From: Richard Cheng <icheng@nvidia.com>
To: Srirangan Madhavan <smadhavan@nvidia.com>
Cc: Alison Schofield <alison.schofield@intel.com>,
Bjorn Helgaas <bhelgaas@google.com>,
Dan Williams <djbw@kernel.org>,
Dave Jiang <dave.jiang@intel.com>,
Davidlohr Bueso <dave@stgolabs.net>,
Ira Weiny <ira.weiny@intel.com>,
Jonathan Cameron <jic23@kernel.org>,
Vishal Verma <vishal.l.verma@intel.com>,
linux-cxl@vger.kernel.org, linux-pci@vger.kernel.org,
linux-kernel@vger.kernel.org, vsethi@nvidia.com,
alwilliamson@nvidia.com, Dan Williams <danwilliams@nvidia.com>,
Sai Yashwanth Reddy Kancherla <skancherla@nvidia.com>,
Vishal Aslot <vaslot@nvidia.com>,
Manish Honap <mhonap@nvidia.com>, Jiandi An <jan@nvidia.com>,
linux-tegra@vger.kernel.org
Subject: Re: [PATCH v7 00/11] PCI/CXL: Add CXL reset support for Type 2 devices
Date: Wed, 24 Jun 2026 22:26:53 +0800 [thread overview]

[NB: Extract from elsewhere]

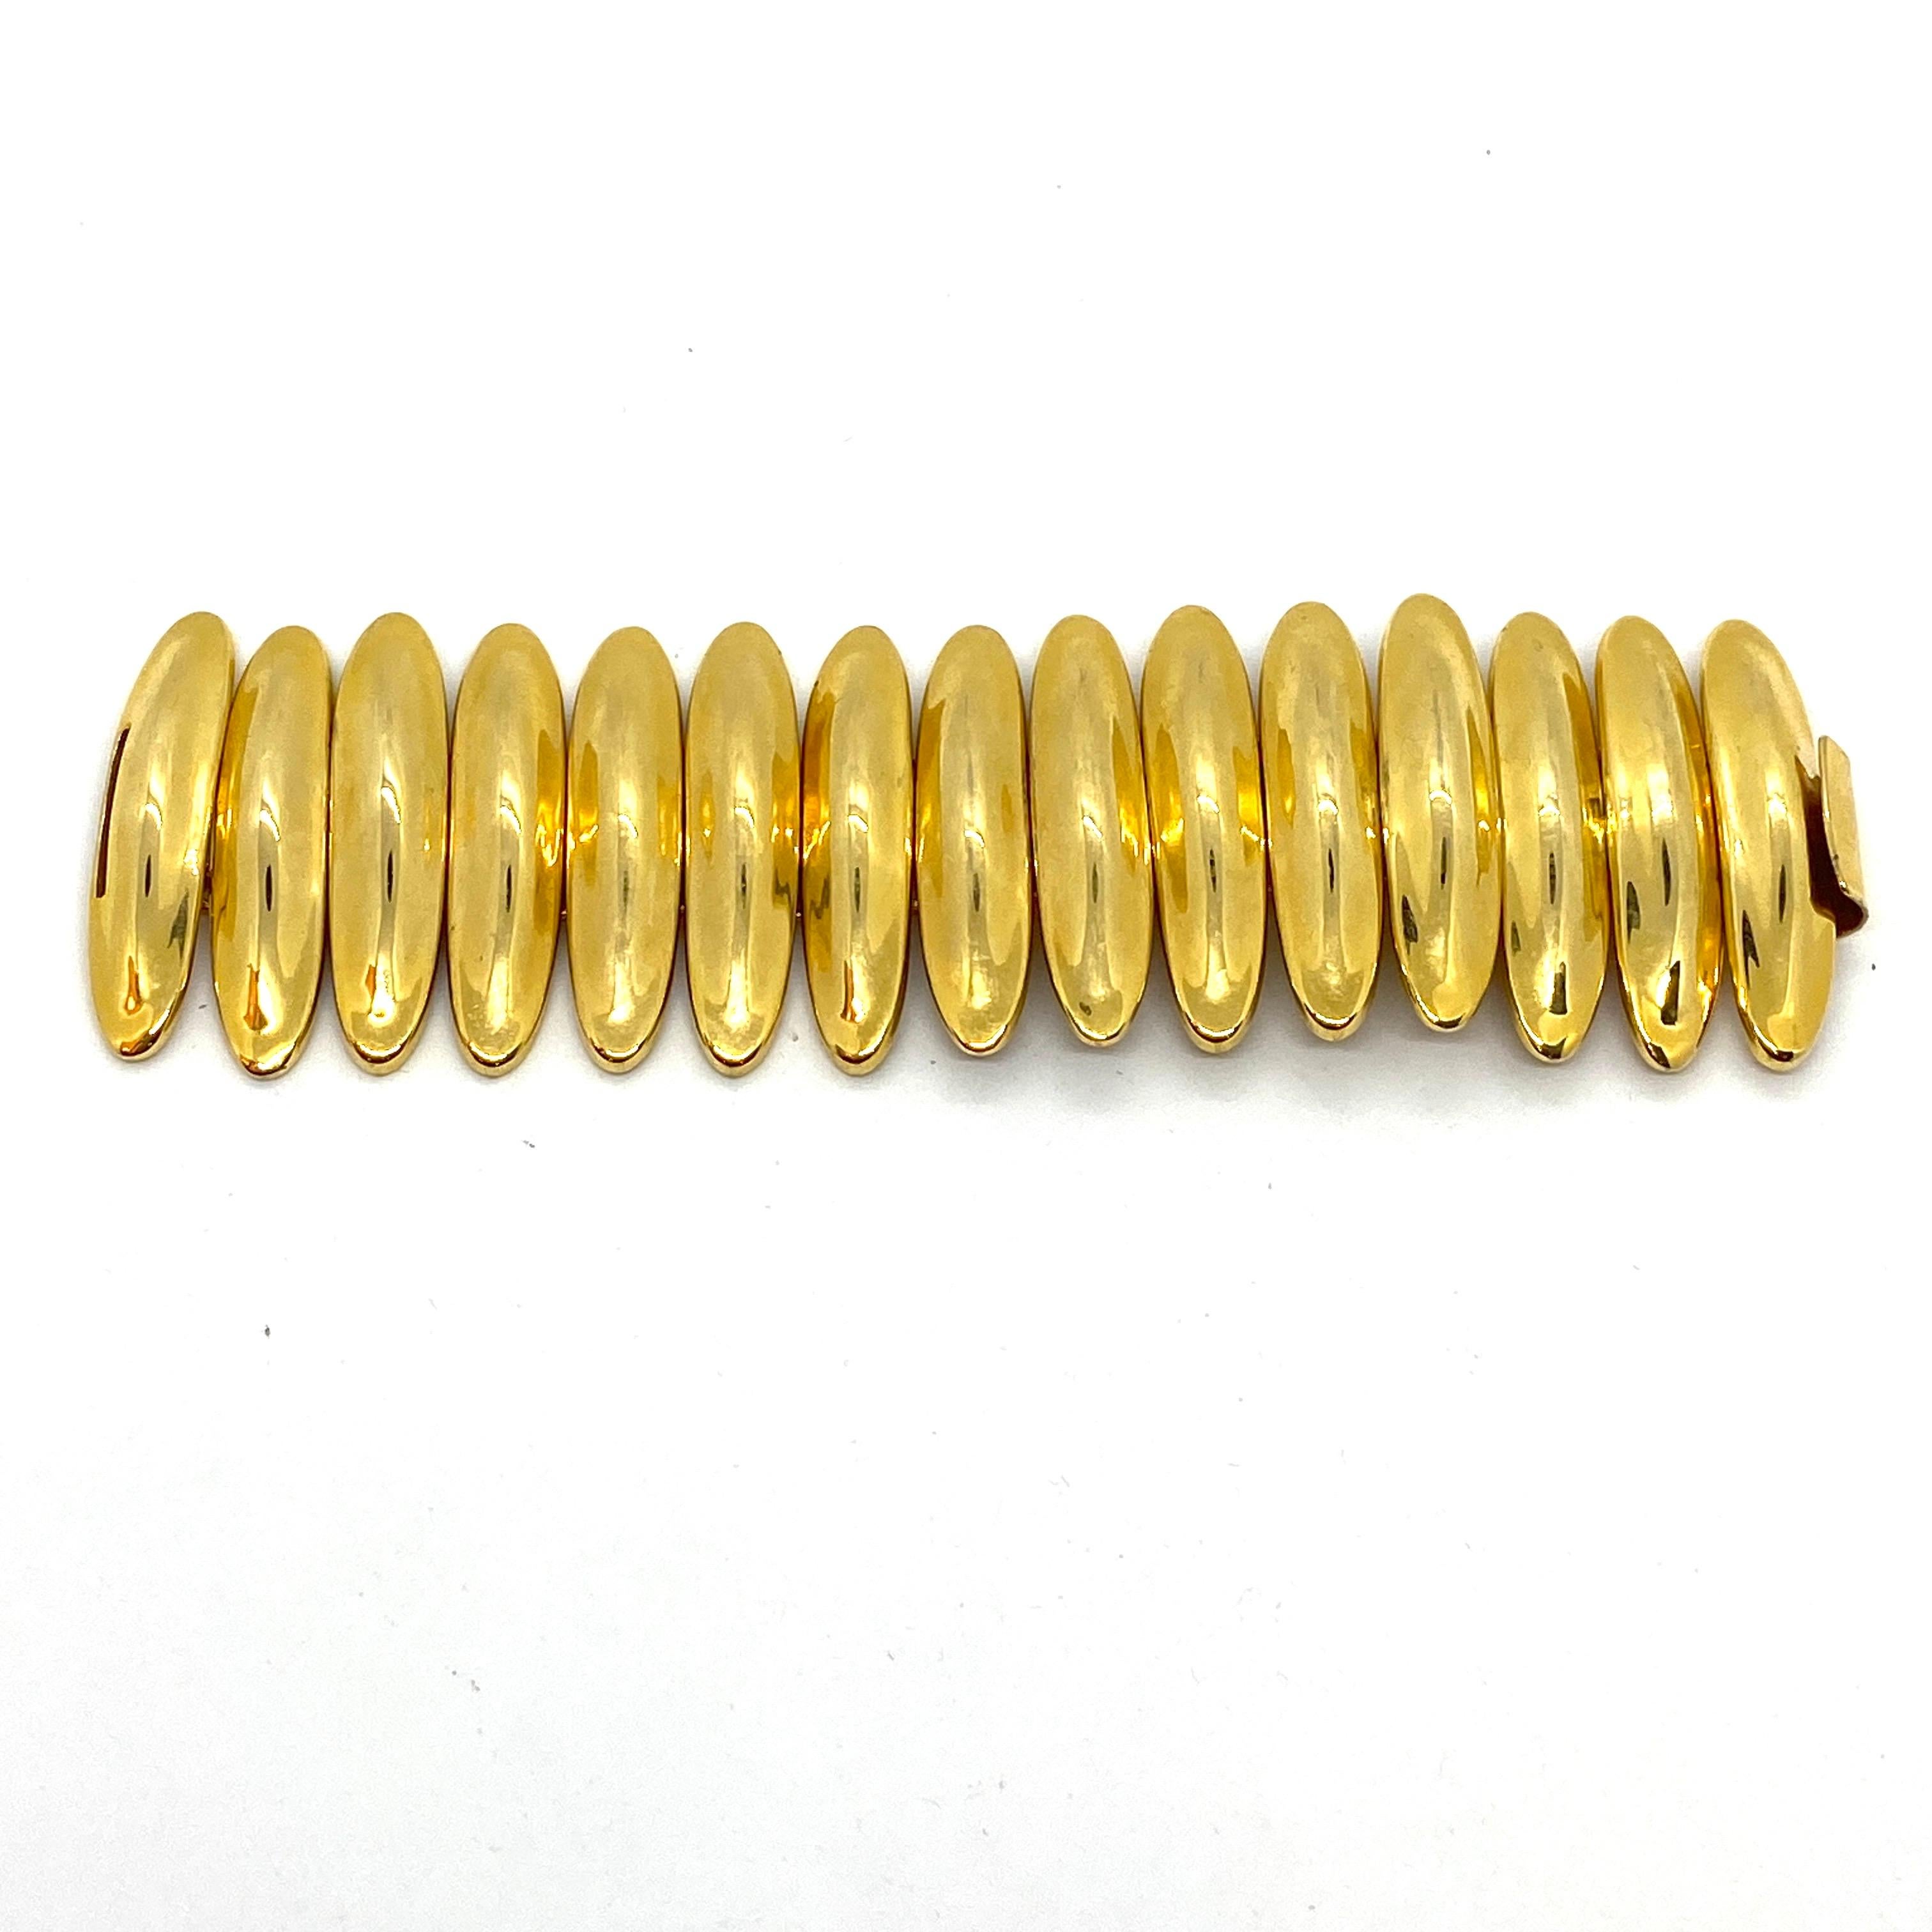 Das Robert Lee Morris Caterpillar Armband ist eine glänzende 18k vergoldete Messinggliederkonstruktion, die sehr fließend, flexibel und sehr angenehm zu tragen ist. Die Breite des goldglänzenden Armbands ist mit 2,25

Message-ID: <ajvlJNPOPkm_hj3O@MWDK4CY14F> (raw)
In-Reply-To: <20260623032453.3404772-1-smadhavan@nvidia.com>
On Tue, Jun 23, 2026 at 03:24:42AM +0800, Srirangan Madhavan wrote:
> Hi folks!
>
> This series adds CXL Reset support for CXL Type 2 devices through the
> existing PCI reset_method ABI. The reset sequence follows the CXL 4.0
> specification [1], including CXL.cache disable, optional cache
> writeback, CXL Reset initiation, ResetComplete polling, and ResetError
> reporting.
>
> The userspace ABI is the existing PCI reset interface:
>
> /sys/bus/pci/devices/.../reset_method
> /sys/bus/pci/devices/.../reset
>
> Userspace can select "cxl_reset" in reset_method and then trigger reset
> through the existing reset attribute.
>
Hi Srirangan,
Thanks for the work, I applied your series and run some tests on a
CXL type-2 capable GPU, seems like something is wrong.
Device's BDF is 0002:81:00.0 and DVSEC base is at 0x10c
CAP=0x116, CTRL2=0x11c, STATUS2=0x11e
STATUS2 bits: bit0 CACHE_INV, bit1 RST_DONE, bit2 RST_ERR
CTRL2 bits: bit0 = DISABLE_CACHING
I run all the following command as root.
"""
# b=0002:81:00.0; dev=/sys/bus/pci/devices/$b
# echo cxl_reset > $dev/reset_method
# echo "PRE CAP=0x$(setpci -s $b 0x116.w) CTRL2=0x$(setpci -s $b 0x11c.w) STATUS2=0x$(setpci -s $b 0x11e.w)"
# dmesg -C
# time echo 1 > $dev/reset
# echo "POST CAP=0x$(setpci -s $b 0x116.w) CTRL2=0x$(setpci -s $b 0x11c.w) STATUS2=0x$(setpci -s $b 0x11e.w)"
"""
So we know,
PRE CAP=0x8bd7 CTRL2=0x0000 STATUS2=0x8000
==> RESET rc=1 elapsed_ms=114 err=[bash: line 9: echo: write error: Input/output error]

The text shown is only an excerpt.